In other words, this isn’t a flaw specific to a particular technology: it’s a data-access pattern that reappears whenever you iterate over a collection and, for each item, go and fetch its associated data.

GraphQL, especially fertile ground

Take GraphQL, a tool with which the problem can show up very quickly.

GraphQL is a runtime that combines three things: a dedicated query language (a DSL), schemas that define the structure of the accessible data, and a set of resolvers, functions responsible for fetching the data for each element of the schema. It’s precisely that last building block, the resolver, that makes the N+1 so easy to trigger without realizing it.

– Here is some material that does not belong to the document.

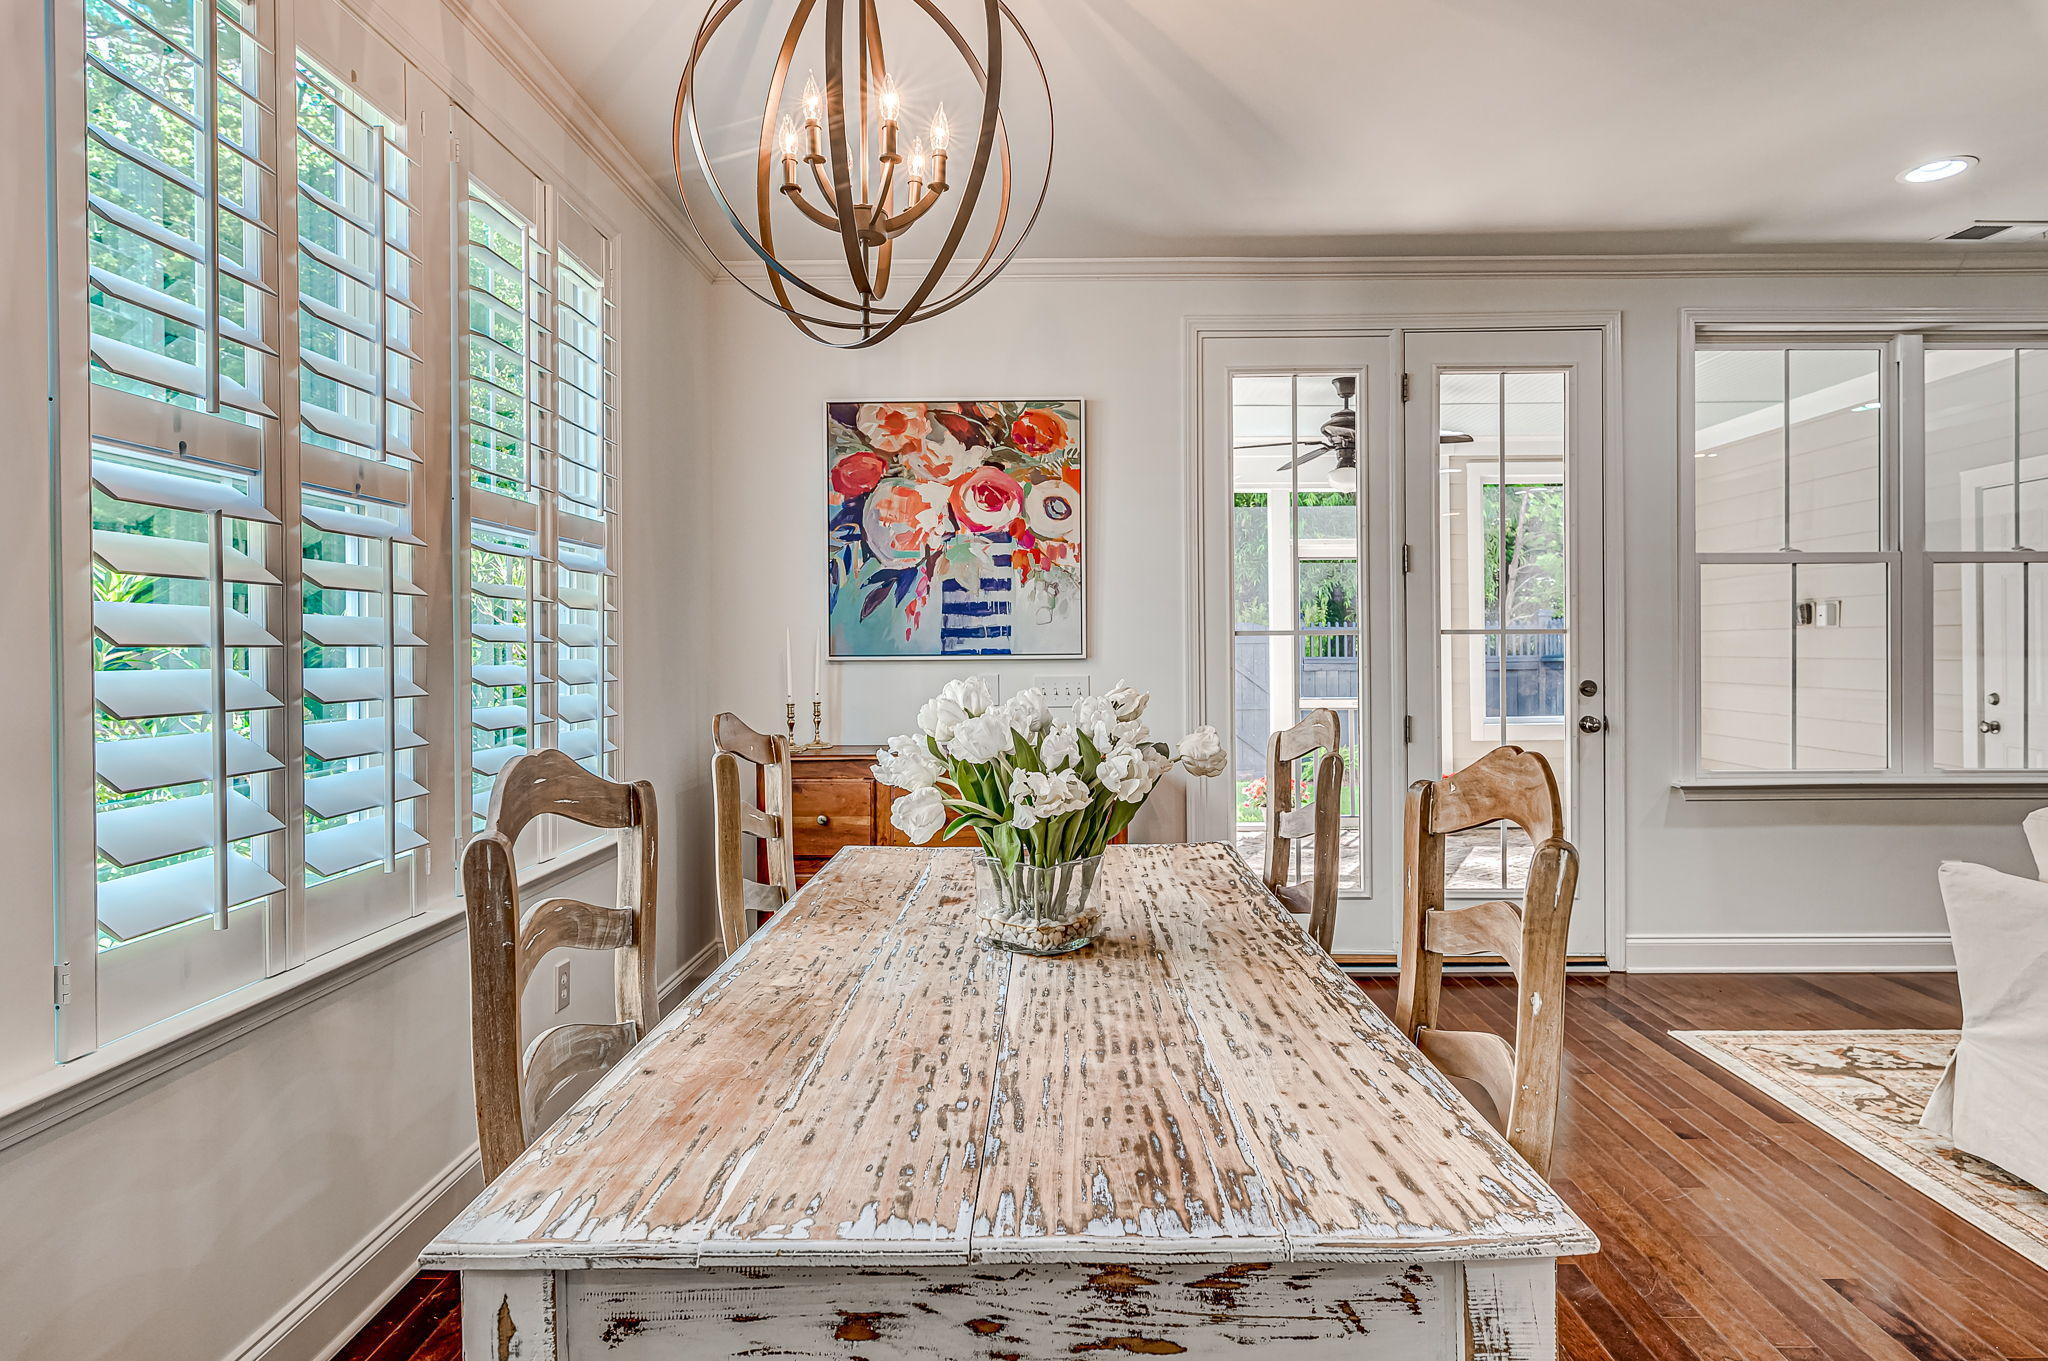 Dunes West Homes For Sale - 2476 Kings Gate, Mount Pleasant, SC - 40

An example schema: books and their reviews

Let’s imagine a system that gives access to books and their reviews. The GraphQL schema might look like this:

type Query {
  books: [Book]
}

type Book {
  id: ID!
  title: String!
  reviews: [Review]
}

type Review {
  id: ID!
  rating: Int!
}

Now let’s say we have a query that asks for “the list of all books, and for each book, its associated reviews”:

{
  books {
    reviews {
      rating
    }
  }
}

Nothing suspicious at first glance: the query is concise, readable, and expresses exactly the need. The whole trap lies in the way GraphQL is going to execute it.

Resolvers, where everything plays out

For GraphQL to be able to build the response, we need to define the resolvers that will fetch the data:

const resolvers = {
  Query: {
    books: () => booksRepository.findAll(),
  },
  Book: {
    reviews: (book: Book) => reviewsRepository.findByBookId(book.id),
  },
};

The books resolver is invoked only once, which triggers a single SQL query to fetch the entire set of books:

SELECT * FROM books;

So far, so good. That’s the “+1”.

The problem arises at the next step. To resolve the reviews field of each book, GraphQL invokes the reviews resolver once per book present in the result. If the first query returned N books, then the reviews resolver is called N times, which generates a cascade of SQL queries:

SELECT * FROM reviews WHERE book_id = 1;
SELECT * FROM reviews WHERE book_id = 2;
-- ...
SELECT * FROM reviews WHERE book_id = N;

There are the “N” being added to the “+1”. One additional query per book.

The bill adds up fast

Concretely, with 50 books in the database, we execute 50 + 1 = 51 SQL queries just to fetch the books and their reviews. And that’s in a case as simple as this one, with a trivial volume of data.

Running a server, the phenomenon jumps out in the logs: the single initial query, immediately followed by a burst of nearly identical queries, differing only by the book identifier.

Server running at http://127.0.0.1:4000
Query > "SELECT * FROM books"
Query > "SELECT * FROM reviews WHERE book_id = 1"
Query > "SELECT * FROM reviews WHERE book_id = 2"
Query > "SELECT * FROM reviews WHERE book_id = 3"
Query > "SELECT * FROM reviews WHERE book_id = 4"
Query > "SELECT * FROM reviews WHERE book_id = 5"
Query > "SELECT * FROM reviews WHERE book_id = 6"
Query > "SELECT * FROM reviews WHERE book_id = 7"
Query > "SELECT * FROM reviews WHERE book_id = 8"
Query > "SELECT * FROM reviews WHERE book_id = 9"
Query > "SELECT * FROM reviews WHERE book_id = 10"

It’s a disaster on several levels. Every extra query is a network round-trip to the database, a connection tied up, latency piling up. Where a single well-thought-out query would suffice, we multiply them by the dozen, and that number grows linearly with the amount of data. Move up to 500 books, to 5,000, and your entire response time blows up, under a load that nothing justifies. The worst part is that all of this stays invisible as long as the test dataset is tiny: the problem only reveals itself in production, at the worst possible moment.

Conclusion

That’s how the N+1 problem manifests with GraphQL: an initial query that mechanically triggers N others, because of the way resolvers are invoked field by field, item by item. It’s not really a bug (the code is correct and does exactly what it’s asked to do), but a data-access pattern you have to learn to spot.

It’s essential to first be aware of this trap in order to adopt the right solutions. The best known in the GraphQL ecosystem consists of batching and caching these calls to reduce the cascade down to a handful of queries: that’s the role of the DataLoader pattern, which I cover in the next part of this series, Solving the N+1 problem with DataLoader.